Like every time you swivel a 3D model in your browser, let's say a couch on Wayfair or a sneaker on Amazon, that's a glTF model that you're loading up. But let's be honest, 3D models of like small objects are kind of limiting. I want the whole damn world. That means people, places, and things. So in February of this year, the Kronos group, the folks behind Vulcan, OpenGL, and of course glTF itself, released a new extension called KHR, Gaussian splatting, and it does exactly what it sounds like. It extends glTF2.0's mesh primitive so that Gaussian splats can now live inside a gltf file. You've got the same container, the same standard, meaning the JPEG of 3D now supports 3D Gaussian splatting, which means it goes everywhere 3D on the web already does.

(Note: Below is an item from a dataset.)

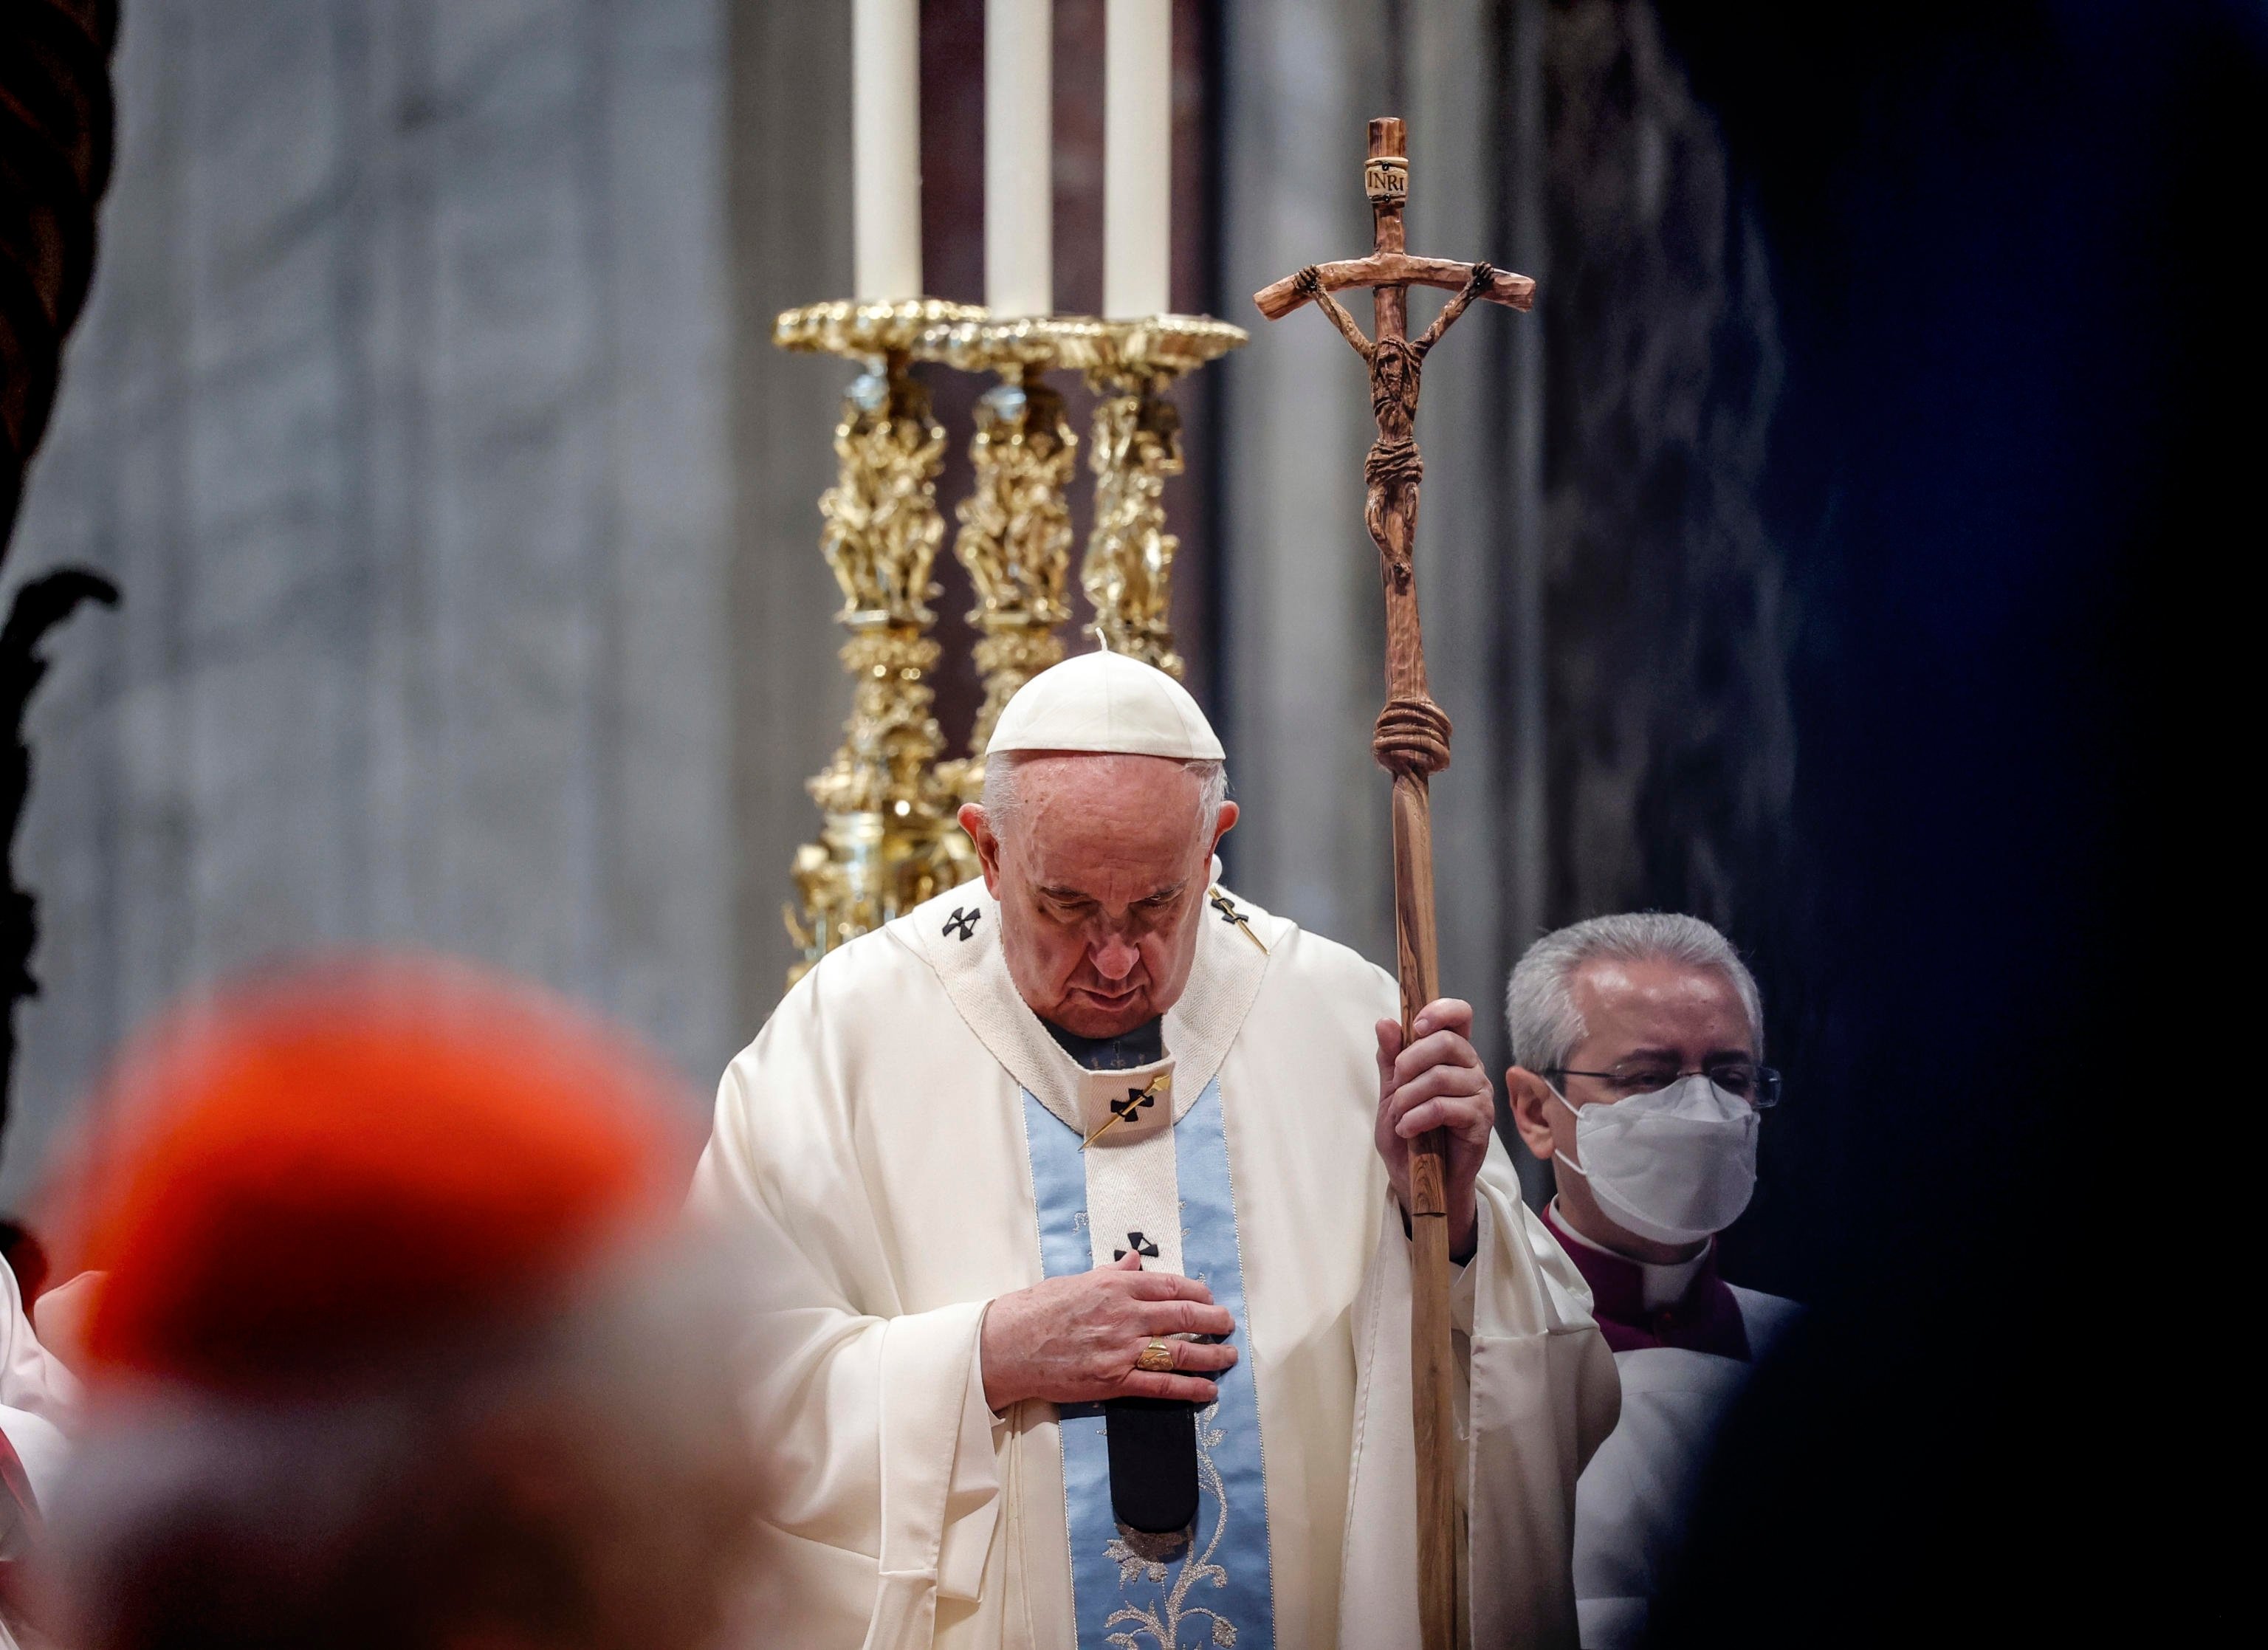 El Papa denuncia la violència masclista: "Prou, ferir una dona és ultratjar Déu"

>> We found that the that the fundamentals, and that's what we've enshrined in the uh the existing Gaussian splat extension uh in glTF, that part of the Gaussian splats is is stable. It's the fact that you have, you know, an array of ellipsoids with no color, transparency, orientation, and you feed them in the GPU to render. That part was ready for standardization. In fact, people were adopting it and shipping Gaussian splats so fast, we recognized if we didn't do it now, we would be too late and we would miss our our window of, you know, having the best standard to prevent fragmentation at the right time. And critically, if a viewer doesn't support 3D Gaussian splats yet, the spec gracefully falls back to a point cloud representation. So nothing breaks. The asset still loads up. It just renders as a bunch of points instead of these ellipsoidal splats all beautifully coming together.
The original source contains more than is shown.